● **Aim of the task**:
Using the data below, print exactly the line with "Trainingsspray", the line with "Best Ranch House Plans Ever Escortsea", and every line between them, but none of the pictures.

● **The records**:
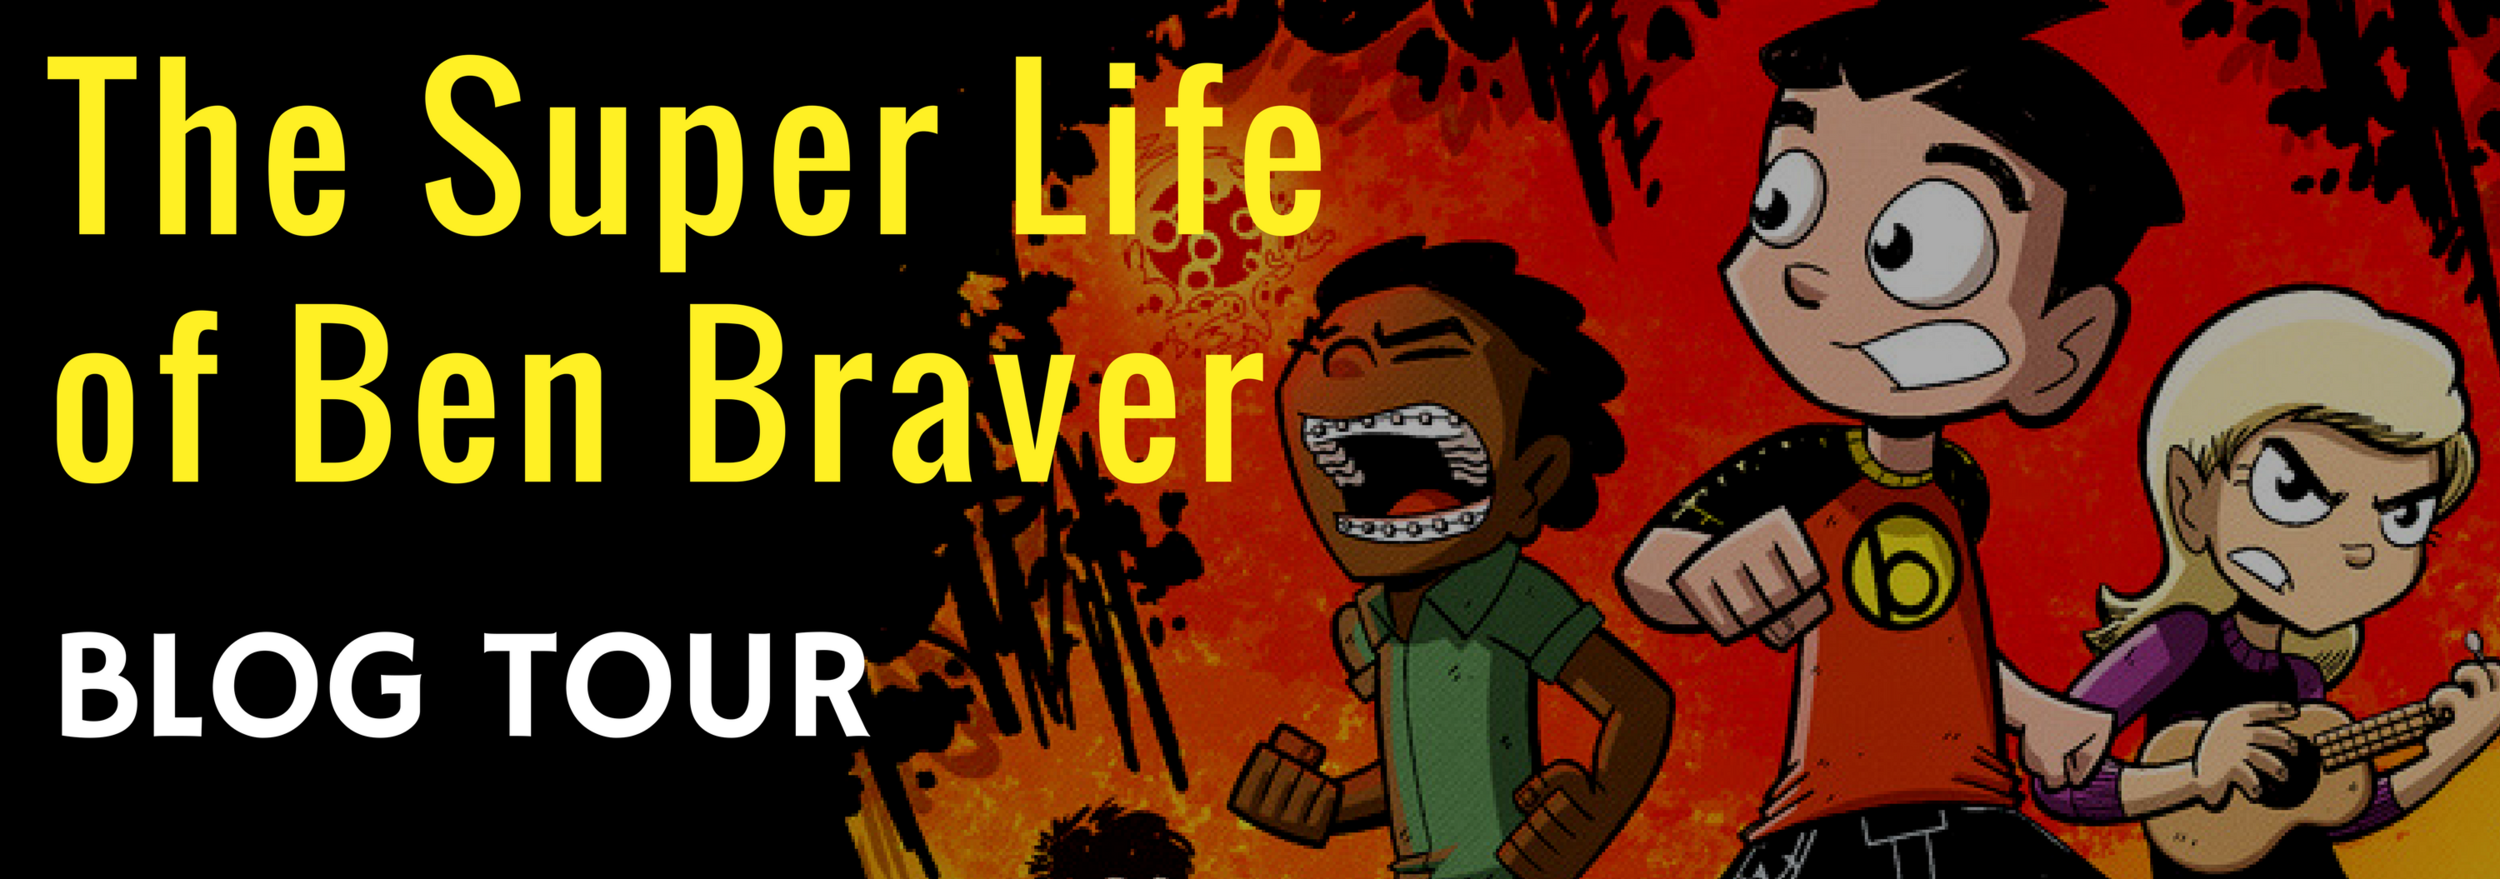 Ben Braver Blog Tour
---
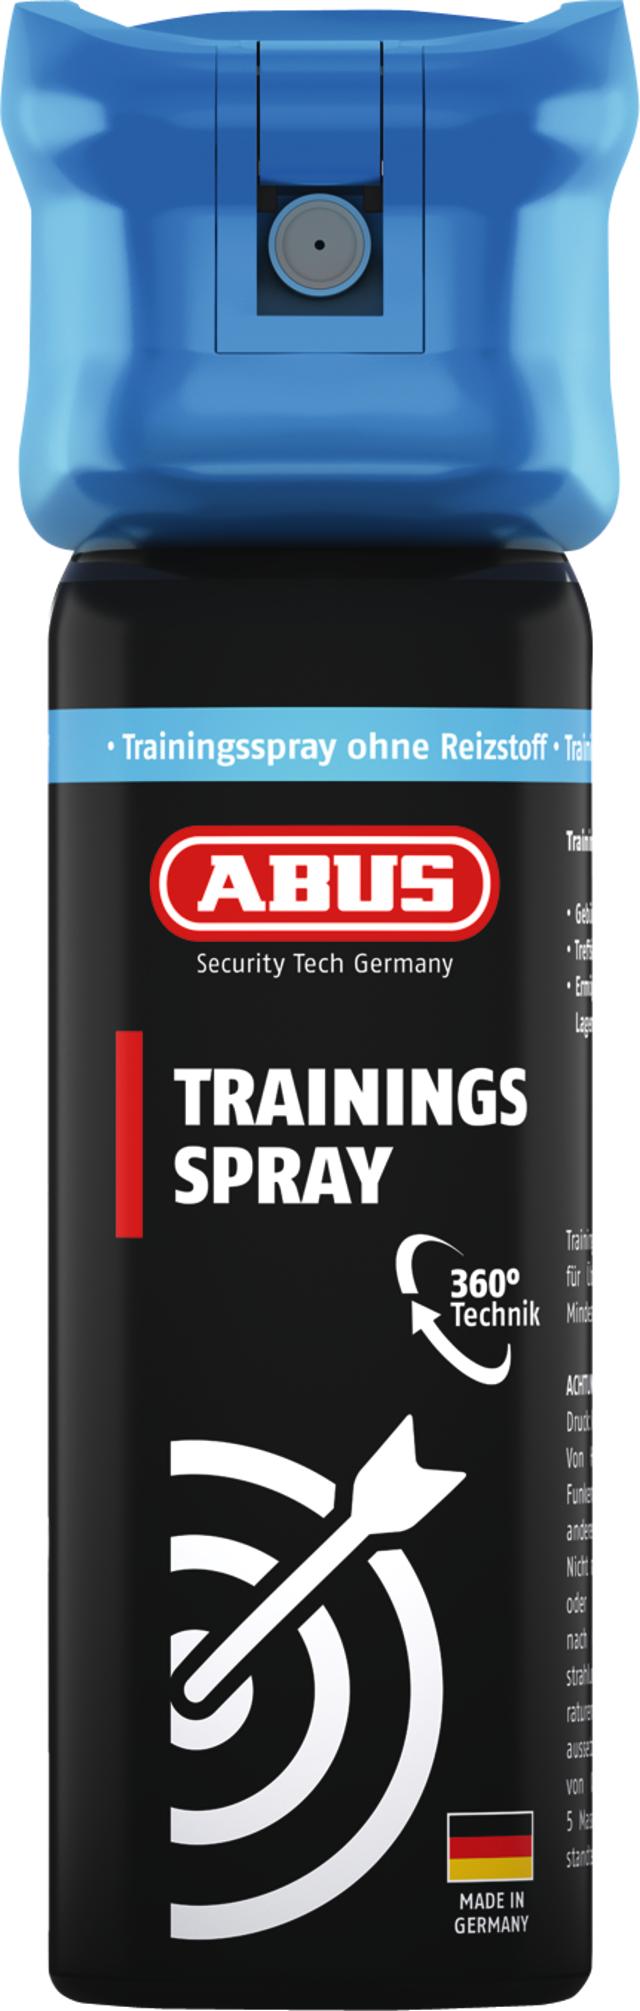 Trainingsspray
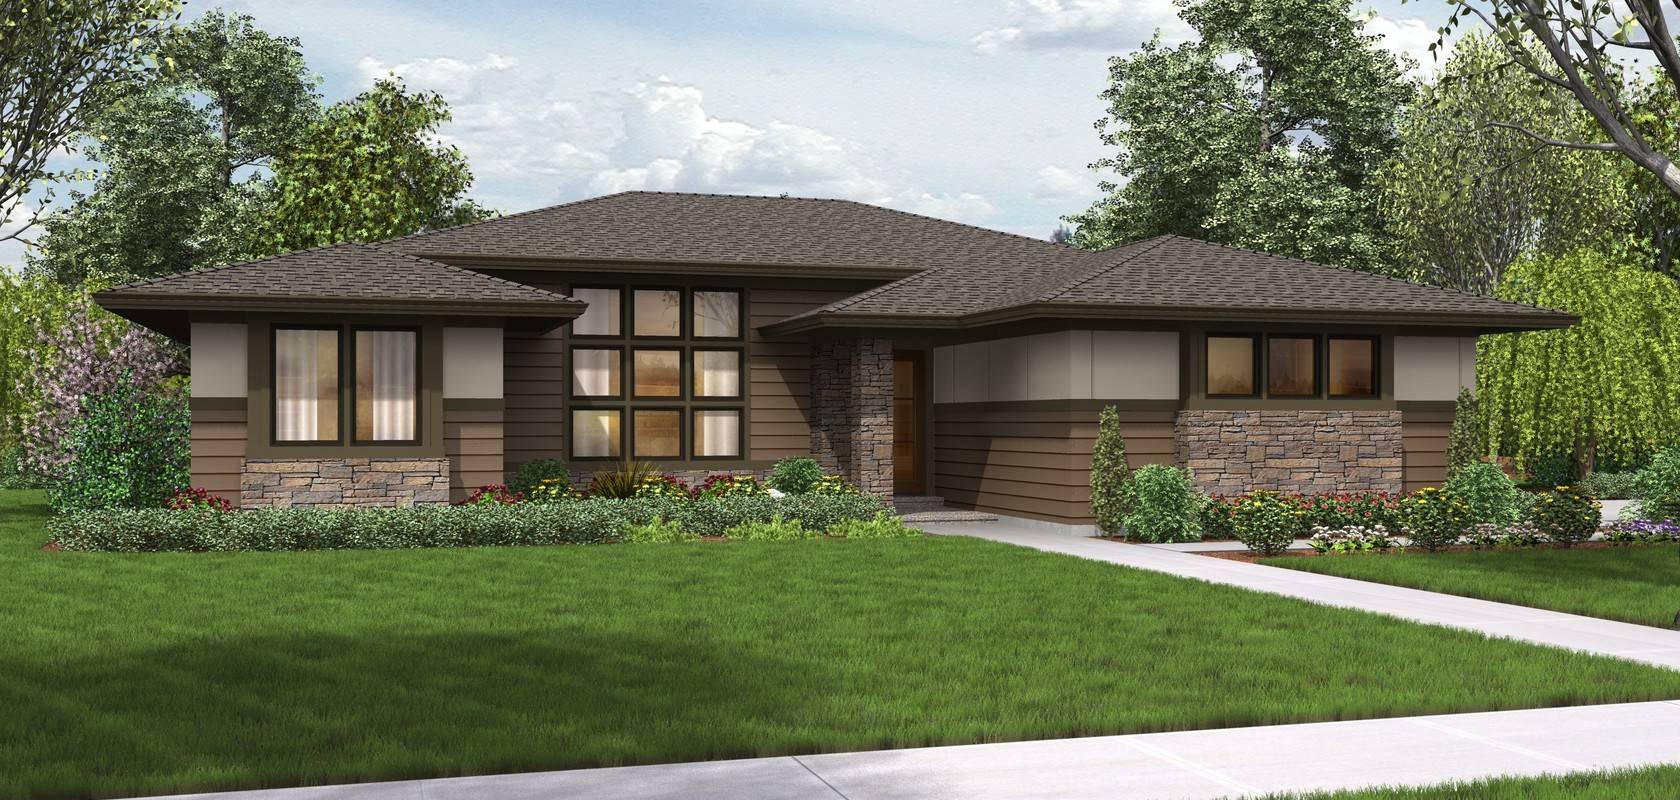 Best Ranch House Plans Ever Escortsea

● **Result of the task**:
 Trainingsspray
 Best Ranch House Plans Ever Escortsea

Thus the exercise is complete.